JavaScript minimizers:
terser — MinimizerPlugin.terserMinify (default). The same JavaScript-based minifier that webpack uses out of the box; produces small, well-tested output and supports the full set of extractComments modes.uglify-js — MinimizerPlugin.uglifyJsMinify. ES5-only minifier, useful when you specifically need UglifyJS-compatible output. Requires npm install --save-dev uglify-js.@swc/core — MinimizerPlugin.swcMinify. A very fast Rust-based JavaScript/TypeScript minifier. Requires npm install --save-dev @swc/core.esbuild — MinimizerPlugin.esbuildMinify. An extremely fast JS bundler/minifier; legal comments are always preserved (no extractComments support). Requires npm install --save-dev esbuild.JSON minimizer:
JSON.stringify — MinimizerPlugin.jsonMinify. Built in (no extra dependency); supports space and replacer options.HTML minimizers:
html-minifier-terser — MinimizerPlugin.htmlMinifierTerser. The default HTML minimizer. JavaScript-based, no native dependency. Requires npm install --save-dev html-minifier-terser.@swc/html — MinimizerPlugin.swcMinifyHtml (full HTML documents) and MinimizerPlugin.swcMinifyHtmlFragment (HTML fragments, e.g. <template> content). Very fast Rust-based platform for the Web. Requires npm install --save-dev @swc/html.@minify-html/node — MinimizerPlugin.minifyHtmlNode. A Rust HTML minifier optimised for speed and effectiveness.

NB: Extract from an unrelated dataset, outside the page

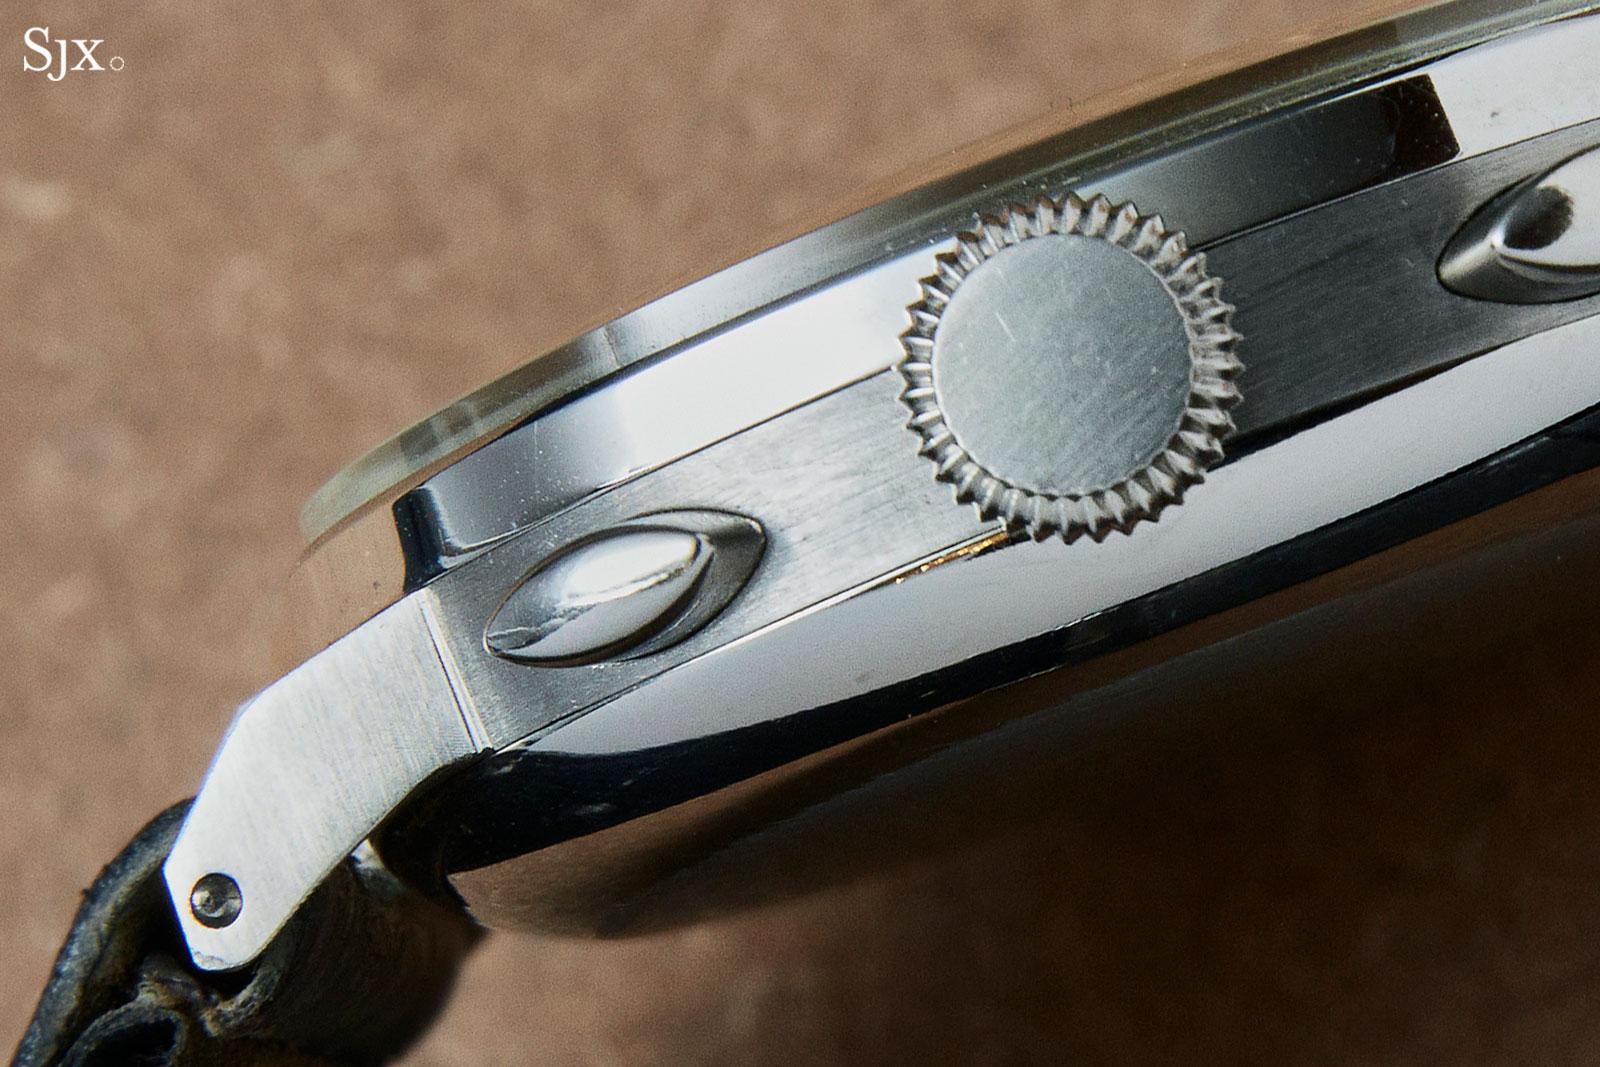 Omega CK2079 chronograph 33.3 5

Requires npm install --save-dev @minify-html/node.CSS minimizers:
cssnano — MinimizerPlugin.cssnanoMinify. The default CSS minimizer. Built on top of PostCSS. Requires npm install --save-dev cssnano postcss.csso — MinimizerPlugin.cssoMinify. A CSS minifier with structural optimisations. Requires npm install --save-dev csso.clean-css — MinimizerPlugin.cleanCssMinify. A widely-used CSS optimiser. Requires npm install --save-dev clean-css.esbuild — MinimizerPlugin.esbuildMinifyCss. Very fast CSS minification using esbuild's CSS loader. Requires npm install --save-dev esbuild.lightningcss — MinimizerPlugin.lightningCssMinify. A Rust-based CSS parser, transformer, and minifier. Requires npm install --save-dev lightningcss.@swc/css — MinimizerPlugin.swcMinifyCss. A very fast Rust-based CSS minifier. Requires npm install --save-dev @swc/css.All of the non-default minimizers are declared as optional peer
dependencies — install only the ones you actually use. You can also stack
multiple MinimizerPlugin instances in the same build to handle different
file types with different minimizers (see Examples).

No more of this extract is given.